Слепые сидели неподвижно, прислушиваясь.

– Не-а, – упрямо сказал зрячий. – Не до того мне.

– Ну, коли так, я уйду, – сказал Свирь, ни к кому не обращаясь и не собираясь вставать. Он знал, что сейчас будет.

– Играй! – взревела толпа. – Не зли Савку, нехристь!

Дело принимало скверный оборот, и поводырь понял это. Лицо его стало злым и сосредоточенным.

– Без денег? – спросил он, утверждаясь в мысли о необходимости делать то, что велит горбун.

– Даром, – подтвердил Свирь. – А я плачу, ежели схватишь. Клади ладонь. Вот так. Добре.

Этот зрячий был очень полезен. Любой поводырь в группе слепых, если он был, запускал в действие массу надежных тестов. В Центре разработали несколько тестов, и специально для слепых. Но Свирю они не нравились, он им не верил. К счастью, слепые без поводыря ему пока еще не встречались. Первая такая пара ожидалась только в конце ноября.

Зрячий сжал ладонь. Потом разжал. Волчка в ней не было. Он продолжал заманчиво подергиваться на нитке прямо над кулаком.

– А ну-ка еще! – сказал зрячий, заводясь.

После третьего раза Свирь понял, что поводырю волчок не поймать. Но рисковать он тут не мог. Да и, кроме того, слепые не нравились ему. Что-то с ними было не так, а что – он не мог разобрать. И Свирь решил продолжать.

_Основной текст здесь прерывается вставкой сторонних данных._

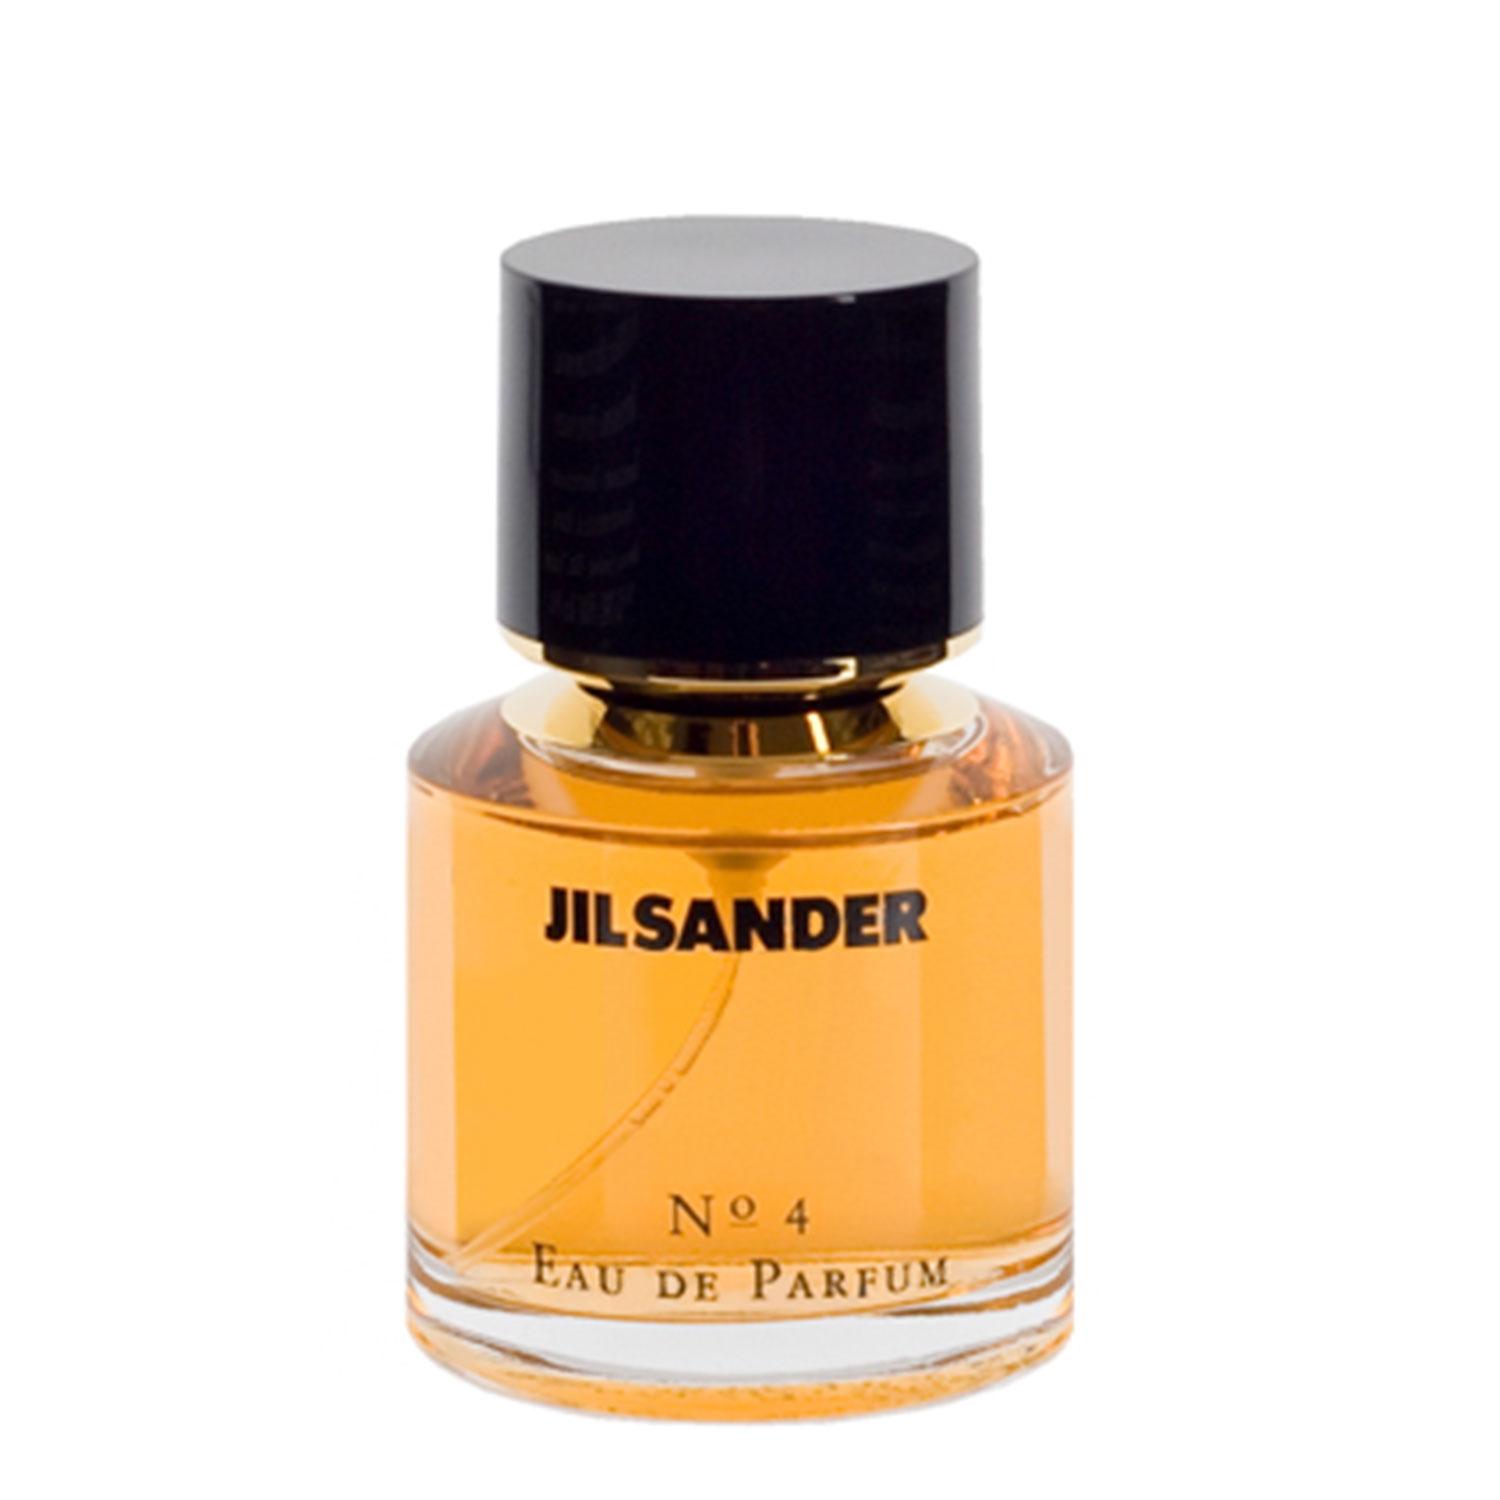 Jil Sander - N° 4 Eau de Parfum

– А что, старый, – сказал он старику, сидящему рядом со зрячим, – ты ж, поди, Расстригу-то помнишь? Тут, на Москве, ране не лучилось быти?

Старик поднял голову от похлебки, обтер ладонью губы.

– Нет, на Москве не лучися, – неожиданно густым голосом ответил он. А лярву его ляцкую, Маринку, видел, вот как ты меня ныне. Я в те поры зряч был.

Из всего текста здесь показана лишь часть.